Monthly Update: May 2019

Monthly Update

  • Markets are pricing two rate cuts in the USA in 2019. The Eurozone outlook has also weakened, however, not that strong of a change in policy stance is expected. Despite the lower interest rates and intensifying talks on the US recession, the USD continued to appreciate as traders are investing in the “safe haven” status of the currency. Nevertheless, over the medium term, weaker USD still remains TBC Research’s baseline scenario (see TBC Economic Review: Insight #3). Inflows to Georgia strengthened in April. Falling oil price is likely to have more benefits for Georgia as its oil exporting economic partners are better prepared for oil’s ups and downs.
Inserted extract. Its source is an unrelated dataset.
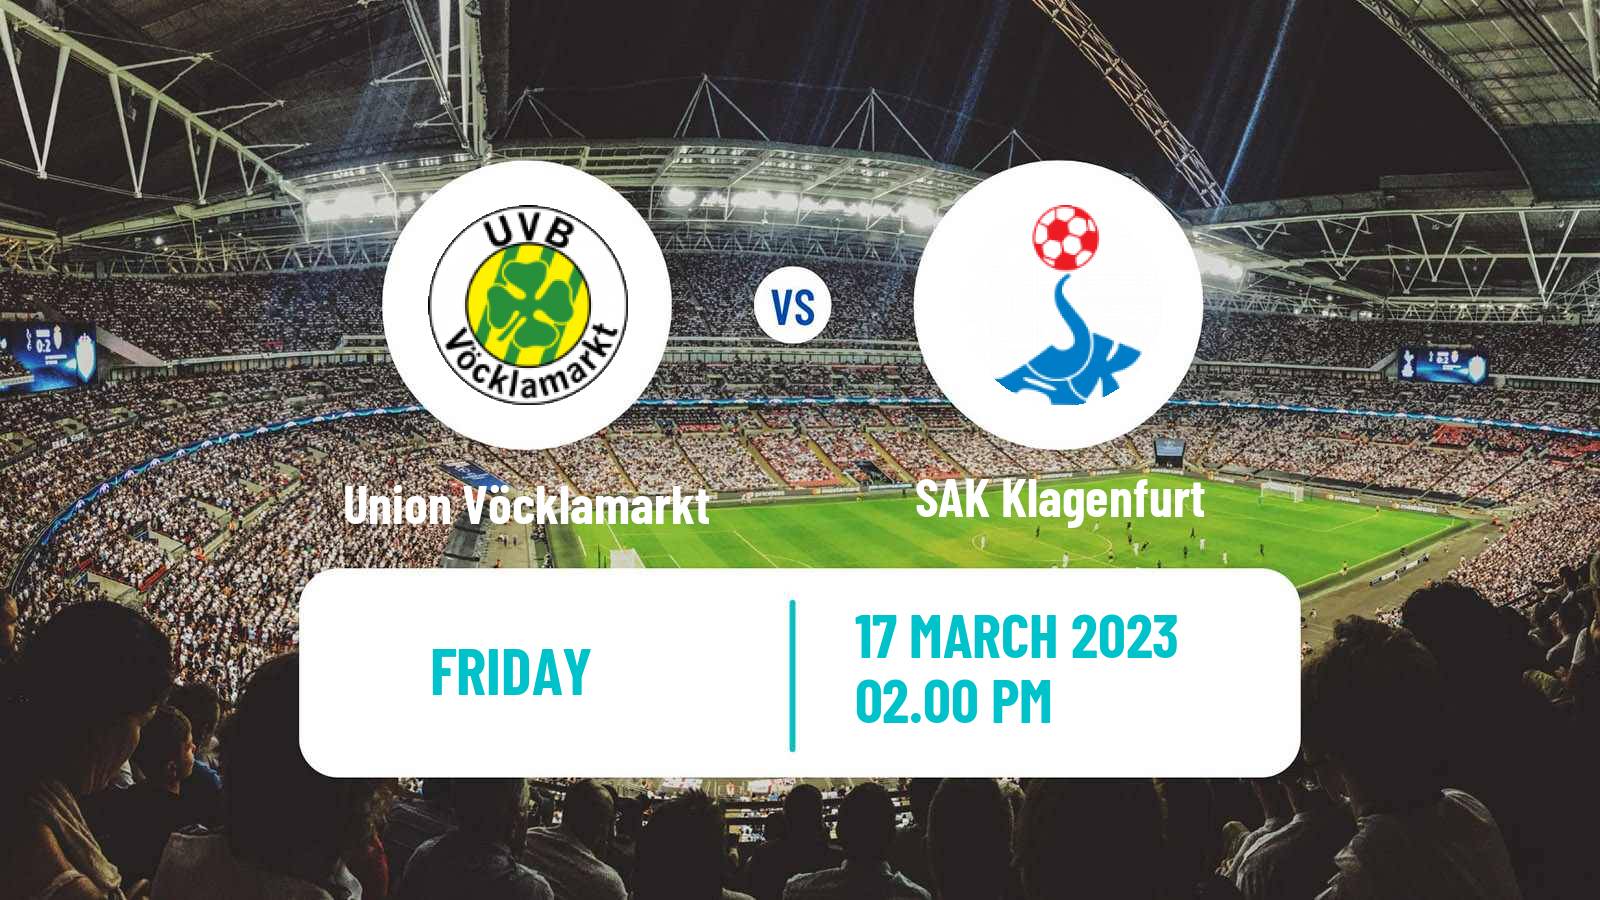 Soccer Austrian Regionalliga Central Union Vöcklamarkt - SAK Klagenfurt

  • GDP growth stood at 5.1% in April. Together with supportive external sector, strong fiscal stimulus has contributed to a large extent, while credit expansion continued to moderate. TBC Research 2019 growth projection stays unchanged at 4.7% with a 12.0% increase in credit (see TBC Economic Review: Insight #10).
  • Consolidated budget posted a deficit of 140.3 mln GEL – an estimated 4.2% of the same month GDP. The wider budget deficit continues to support the growth in 2019 together with the advance payments made at the very end of 2018. 
  • Exports increased sharply by 34.2% YoY in the USD terms (46.6% and 49.0% in the EUR and the GEL) though with a significant contribution of re-exports. While imports growth has picked up, the increase was still weak compared to what a strong GDP growth implies. The trade balance continued to improve. 
  • The number of tourists increased by 4.2% in April, while the number of visitors arriving by plane went up by 13.8% YoY. The growth remained the highest from the EU with 28.7% YoY, while with an 11.0% increase, the CIS made the largest contribution balancing the negative impact of Turkey and Iran.  
  • Remittance inflows growth has doubled reaching 10.1% in April in the USD terms. When expressed in the EUR and the GEL, the growth rates stood at solid 20.3% and 22.3%, respectively.  
  • Credit growth continued to moderate with the total bank loan portfolio up by 12.1% YoY in April 2019, excluding the FX effect. Together with introduced regulations, one-offs and some normalization of credit growth in the business sector after the cyclical pick-up in 2018 also have played a role. The GEL liquidity remains high primarily thanks to the strong fiscal spending. After slowing in the second half of 2018, the Larization has started to pick-up again. 
  • The Financial Stability Committee of the National Bank of Georgia on its May 29, 2019 meeting decided to keep the countercyclical buffer unchanged at 0%. According to the Committee, in line with the expectations, the credit growth is moderating reflecting the recently introduced retail lending regulations.
  • The annual inflation edged up to 4.7% YoY in May 2019 compared to the 4.1% in the previous month. An important driver can be the weaker GEL real effective exchange rate coupled with the strong GDP growth. At the same time, without 1.4 pp impact of a higher excise tax on tobacco, the inflation stood close to the central bank’s target. Going forward, together with the GEL REER dynamics, the volatility in commodity prices such as oil and cereals will have significant impact on the consumer prices.  
  • The NBG has not intervened in the FX market, neither via direct interventions nor via FX options. Furthermore, the NBG decided not to sell the GEL call options to be exercised in June, giving additional room for the GEL to appreciate.
  • As of May 31st, the estimated GEL REER depreciated substantially and is likely to strengthen. TBC Research “a bit more than random walk” exchange rate projection stays approximately the same with the USD/GEL at 2.7 or somewhat stronger GEL for both the end of the period and the period average of 2019 (see TBC Economic Review: Insight #9).